Johnny got his gun ist ein Anti-Kriegs-Roman, und einer der herausragendsten seiner Sorte. Mit dem etwas sarkastisch gewählten Titel (“Das hast du nun davon,… jetzt hattest du endlich deine Waffe!”) bringt Dalton Trumbo es auf den Punkt. Aus welchem Grund ziehen junge Männer in den Krieg? Welchen Sinn hat das ganze? Freiheit? Demokratie? Ehre? Reichtum? Muss man sterben um zu leben? Muss man jegliche Würde verlieren, um Ehre zu erlangen? Geht es um das Heimatland? Um die Rettung eines anderen Landes? Das ganze System ist gezeichnet von Widersprüchen und Sinnlosigkeit. Und das bringt die Geschichte auf den Punkt. Nichts ist es wert, einen Krieg zwischen Menschen zu führen, gar nichts. Johnny ist der Lebendige, der tot ist. Der Tote, der lebendig ist.

Handlung findet auf den über 200 Seiten im Grunde nur wenig statt. Das meiste Aufgeschriebene, sind Gedanken, Erinnerungen. Im nicht zu düsteren Stil, wird man in die finstere Welt des gepeinigten Überlebenden geführt. Man fühlt mit, man freut sich über kleinste Verbesserungen, man kommt zum Nachdenken… Was ist wichtig im Leben? Wie viel Ballast führt man mit sich herum? Woran hängt mein Herz, und was tue ich, um die Dinge, an denen mein Herz und mein Sein hängt, zu behalten?

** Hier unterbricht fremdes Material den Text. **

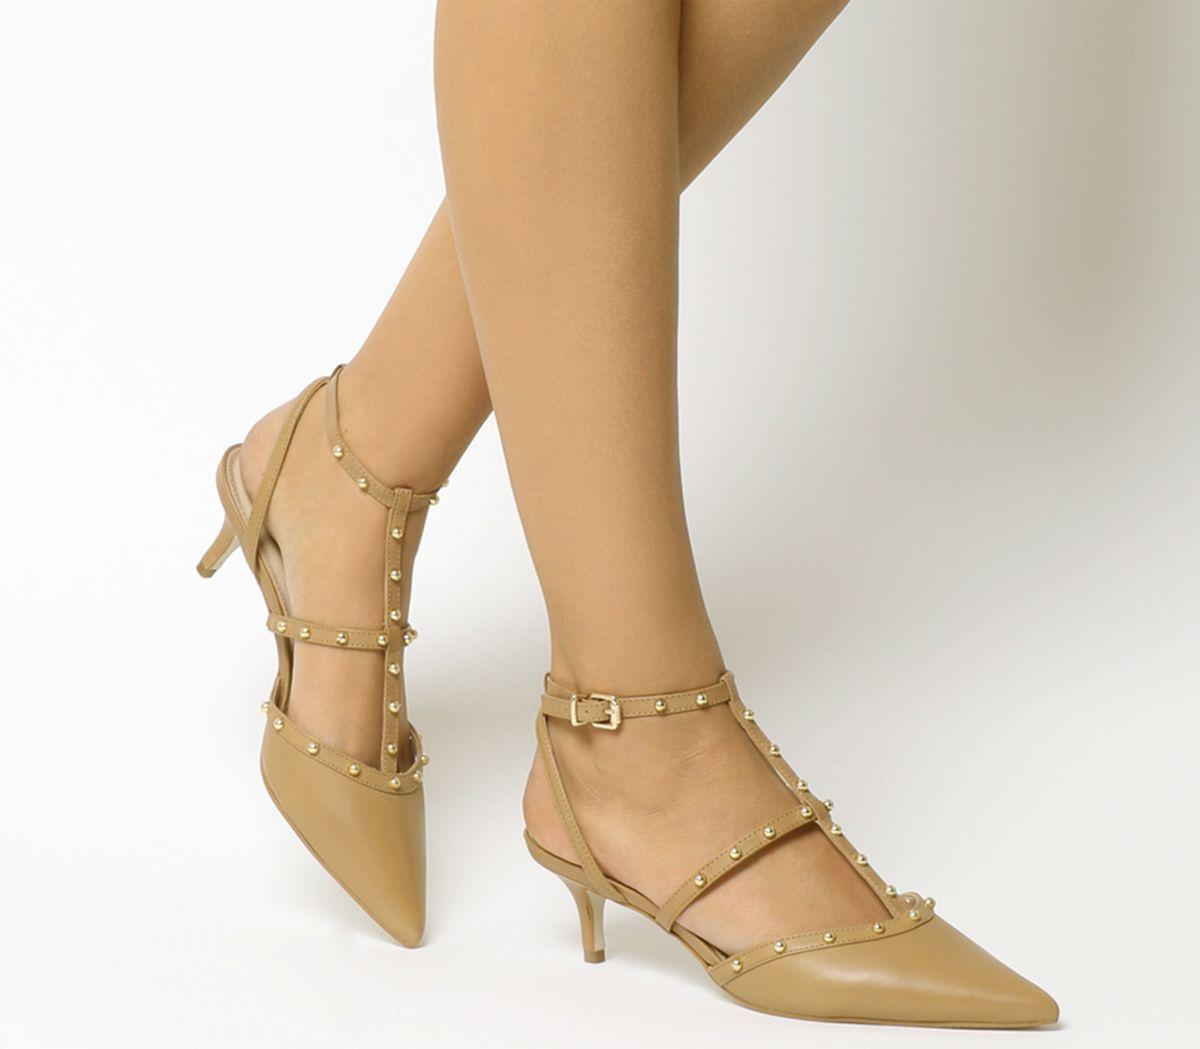 2b7b0805186 Office Manner Studded Point Kitten Heels Nude Leather - Mid Heels

Sehr wertvolle Literatur! Und sicherlich einer der wichtigen Proteste gegen den Krieg. Ein Augenöffner, scharf wie ein Stacheldrahtzaun!

Die englische Ausgabe der Buches ist bei Penguin Classic erschienen. Eine deutsche Ausgabe (“Johnny zieht in den Krieg”) ist ua. bei Eichborn (nicht mehr im Sortiment) erschienen. Das deutsche Buch ist heutzutage eigentlich nur noch gebraucht zu erwerben (Preis: ca. 50 €).